• _DIRECTIONS FOR THIS TASK_: The data should be written out in full, exactly as it stands, and the pictures dropped.

• _PROVIDED MATERIAL_:
::::

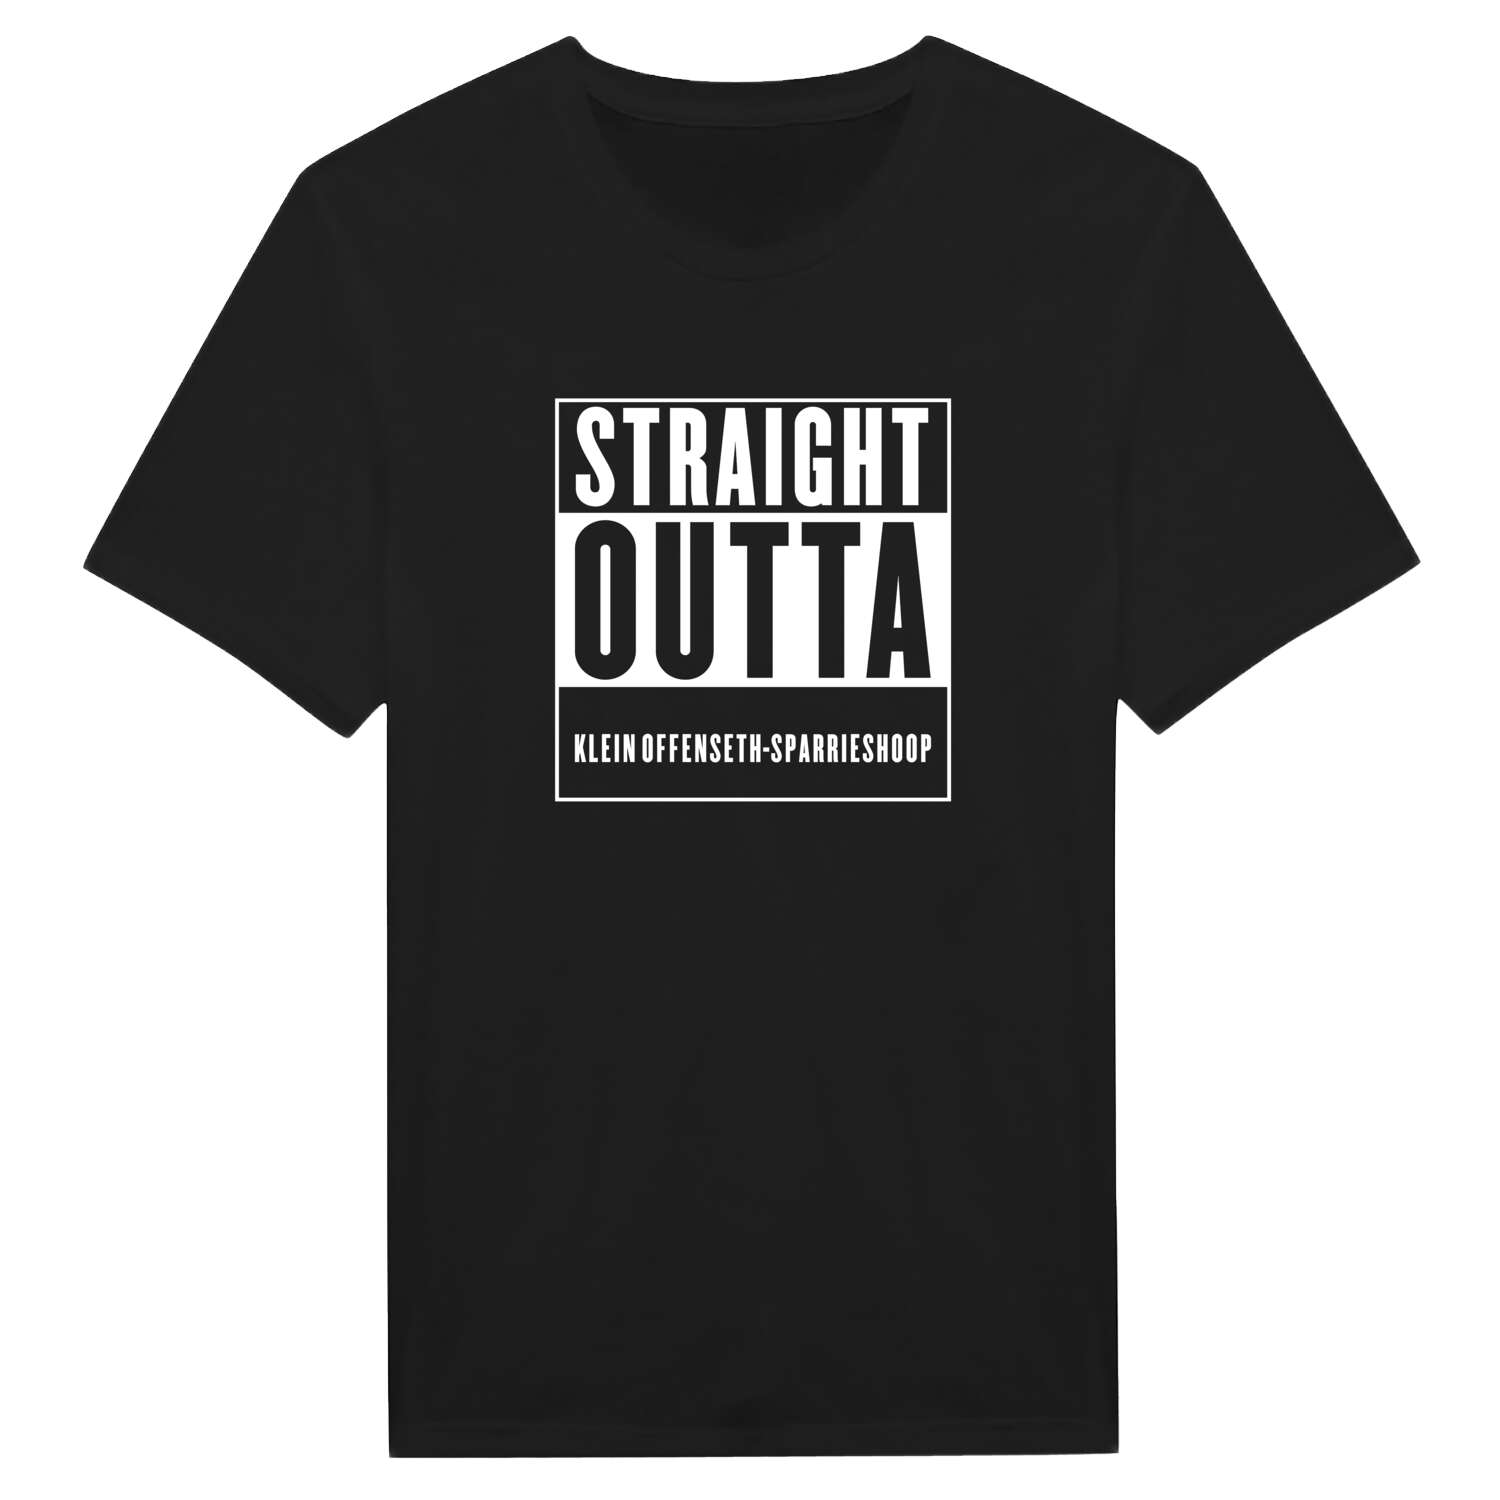 Klein Offenseth-Sparrieshoop T-Shirt »Straight Outta«
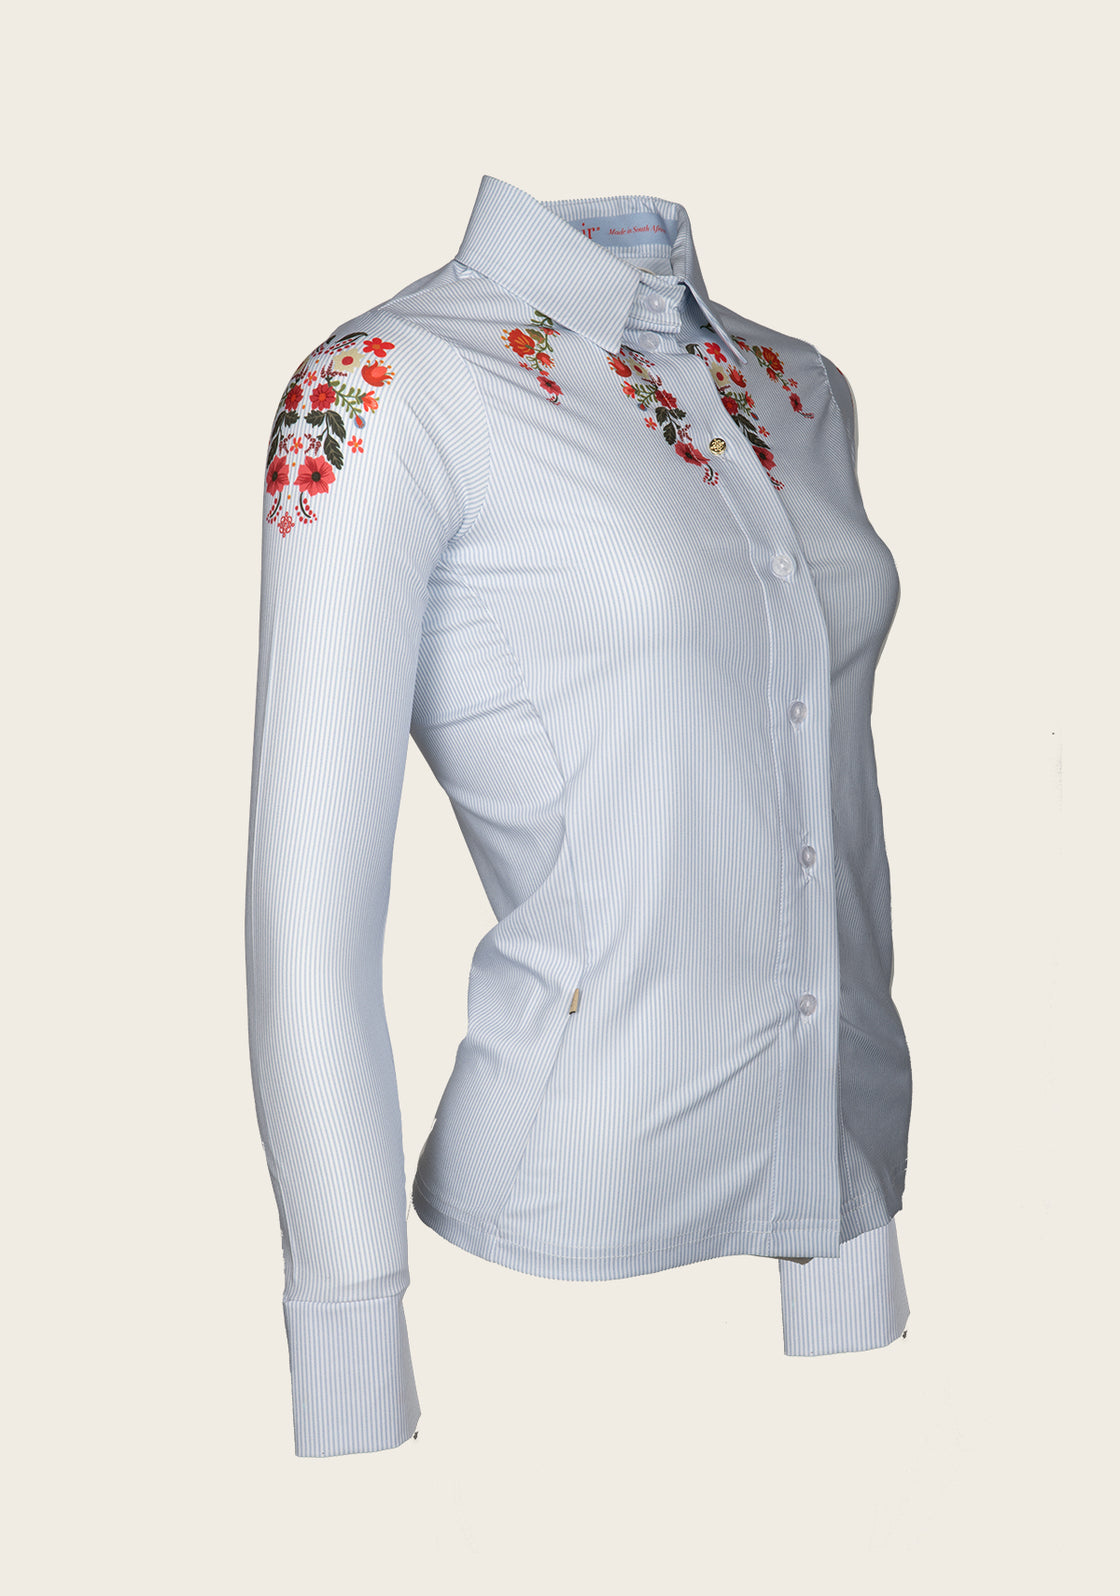 Joie Floral & Blue Stripe Ladies’ Button Shirt
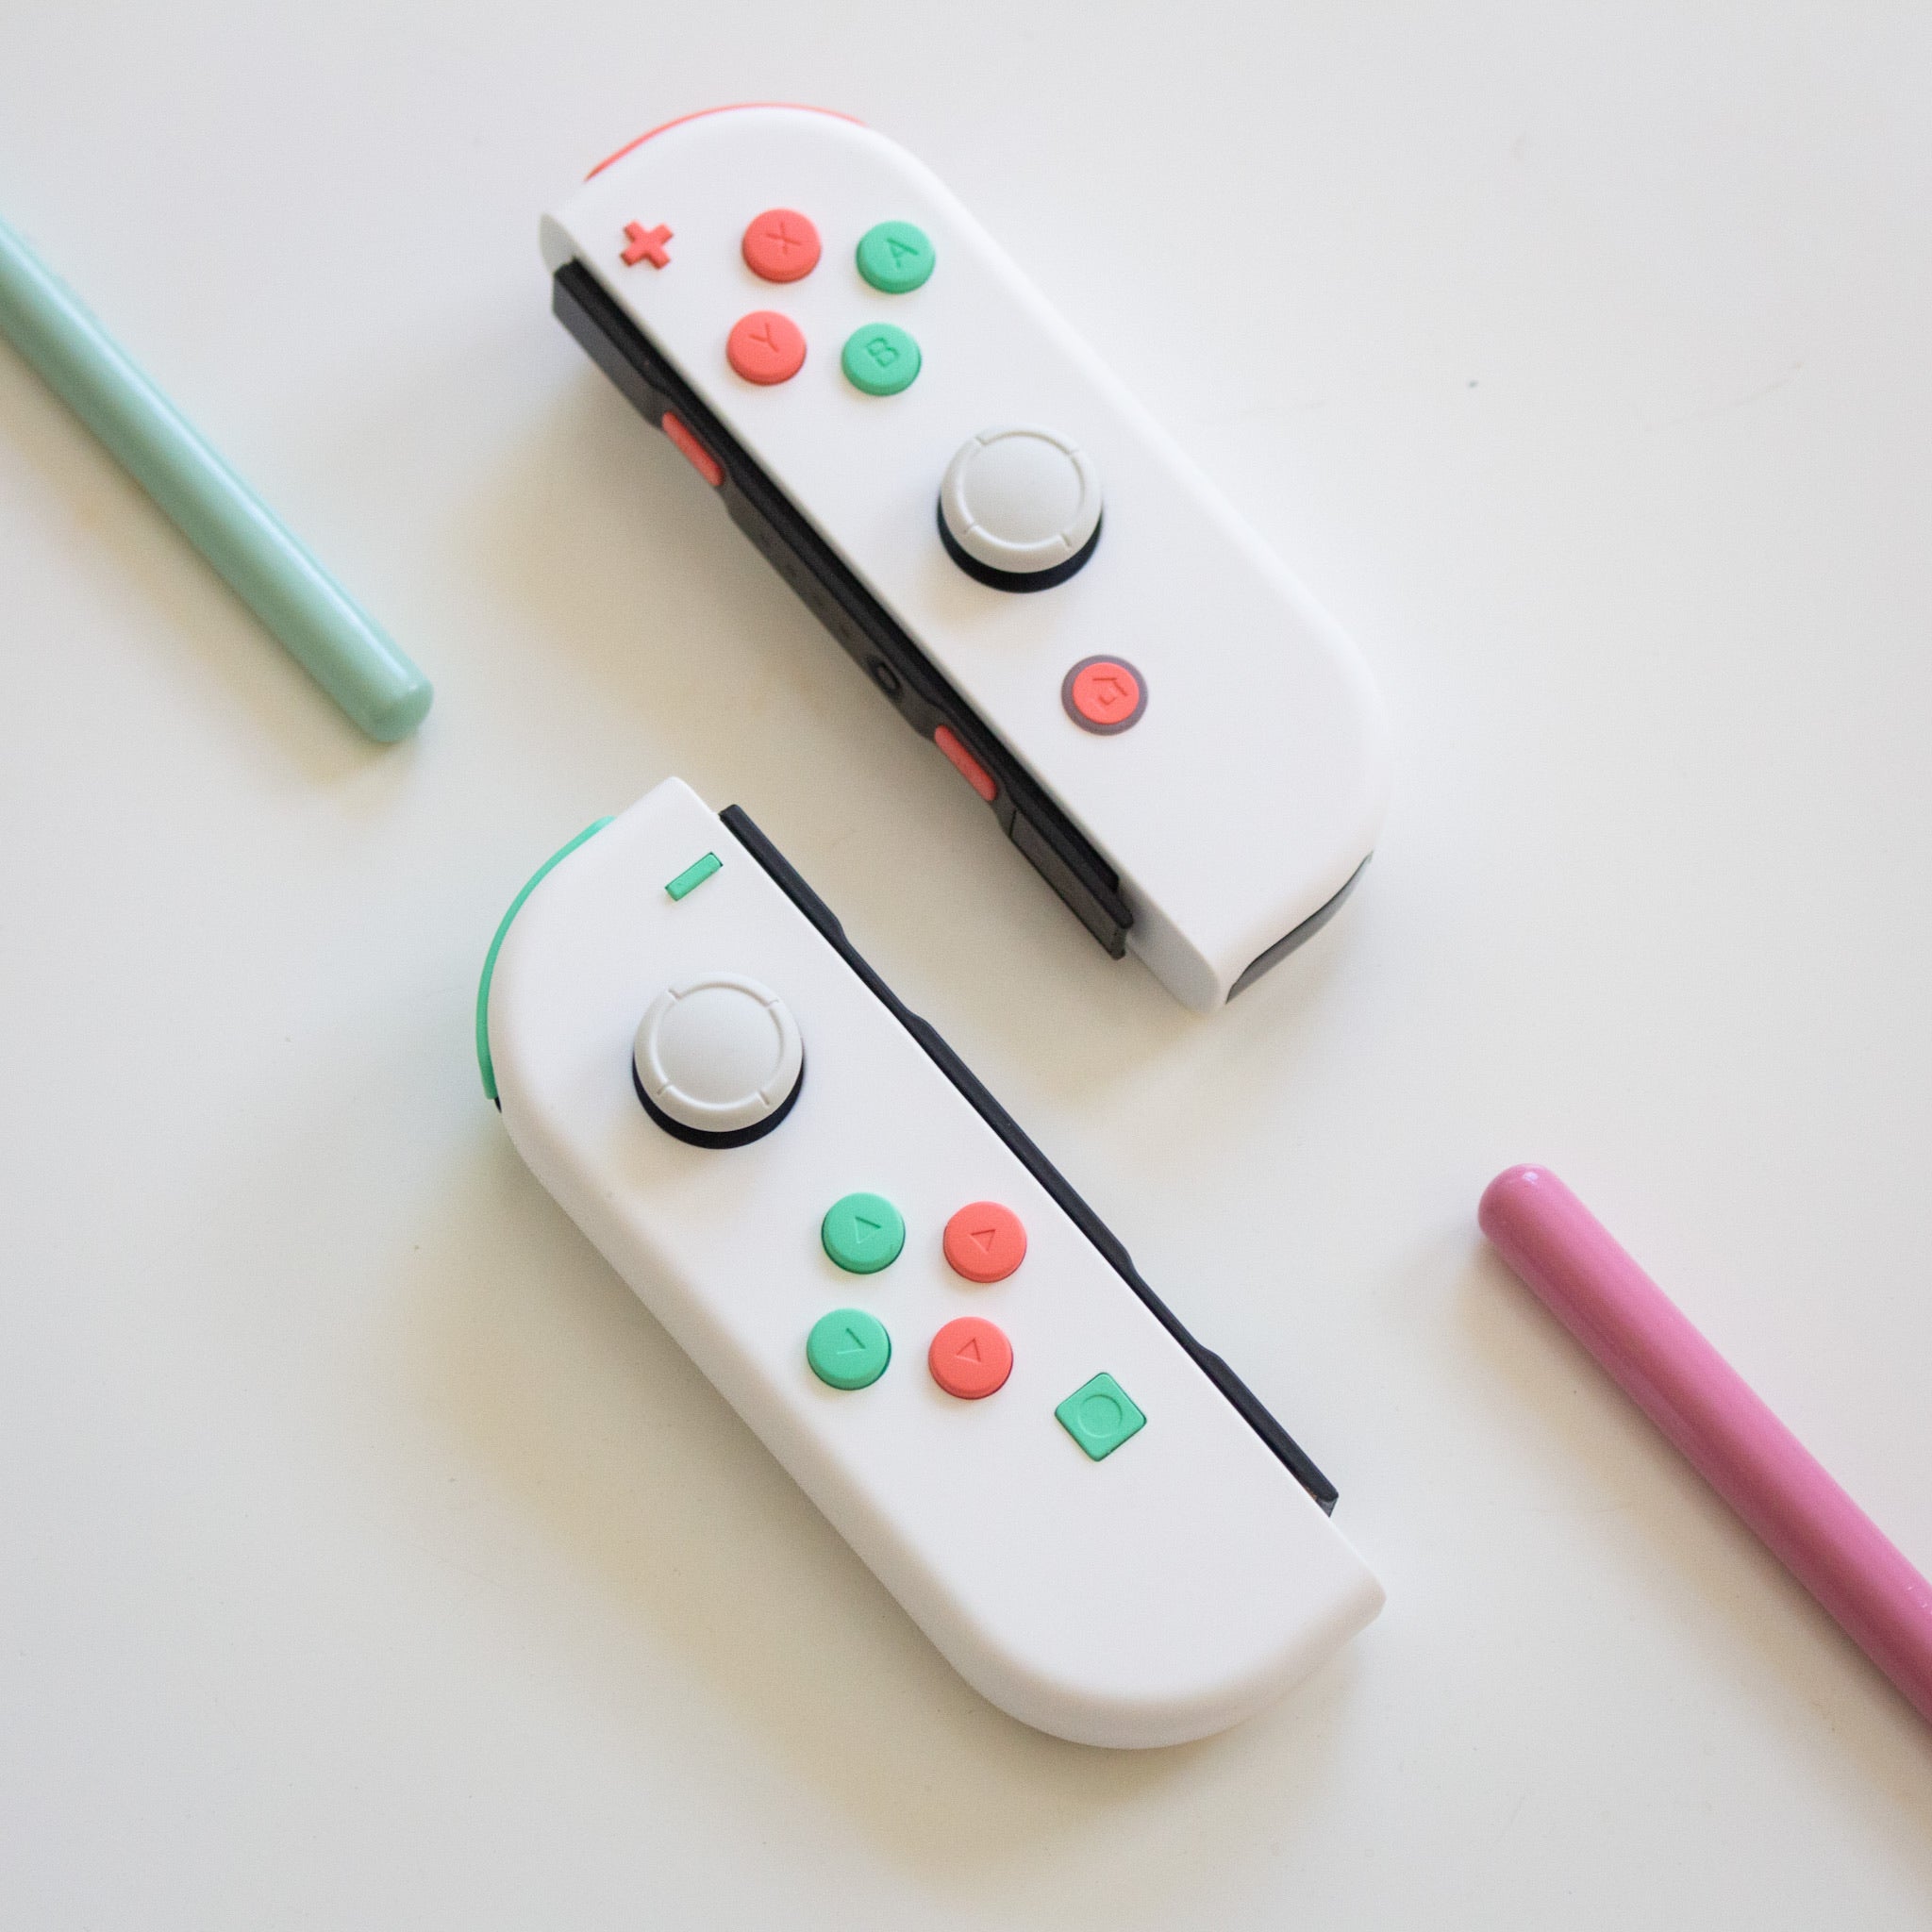 Design Your Own Joy Cons - Custom JoyCon Controller for Nintendo
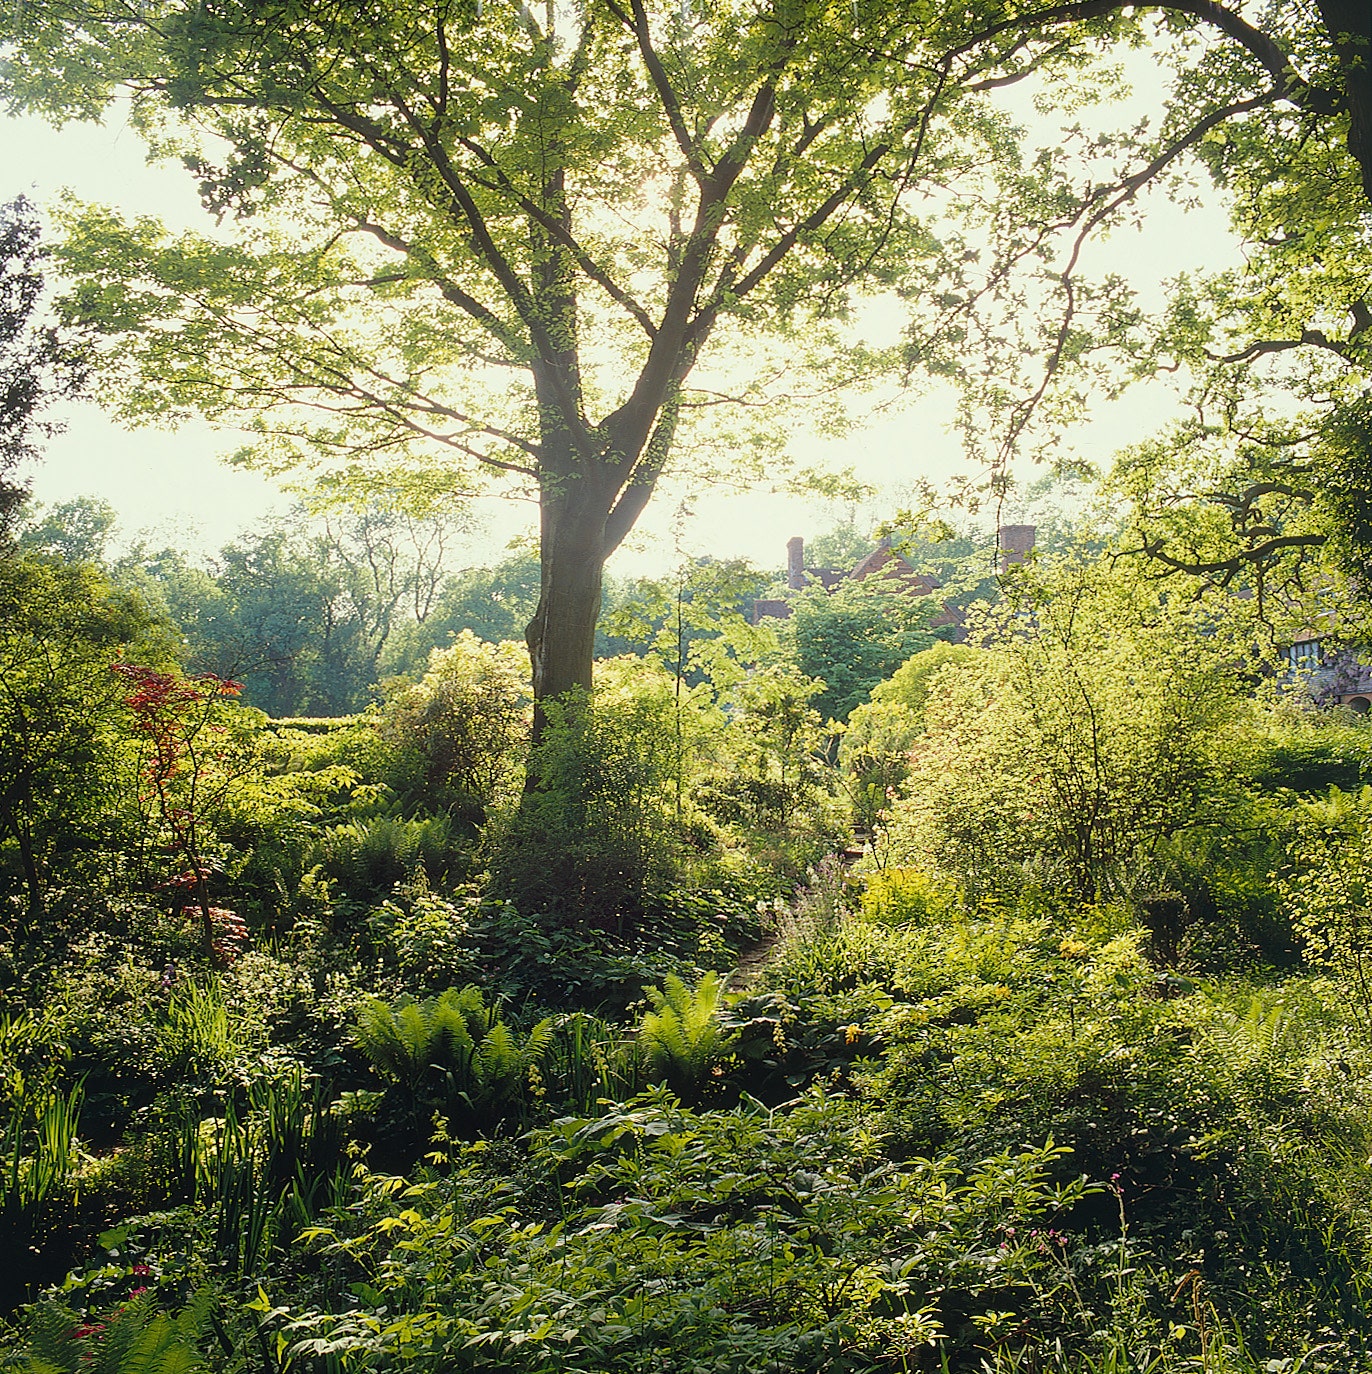 Woodlands at Vann garden Surrey

::::

• _RESPONSE FOR THIS EXERCISE_:
 Klein Offenseth-Sparrieshoop T-Shirt »Straight Outta«
 Joie Floral & Blue Stripe Ladies’ Button Shirt
 Design Your Own Joy Cons - Custom JoyCon Controller for Nintendo
 Woodlands at Vann garden Surrey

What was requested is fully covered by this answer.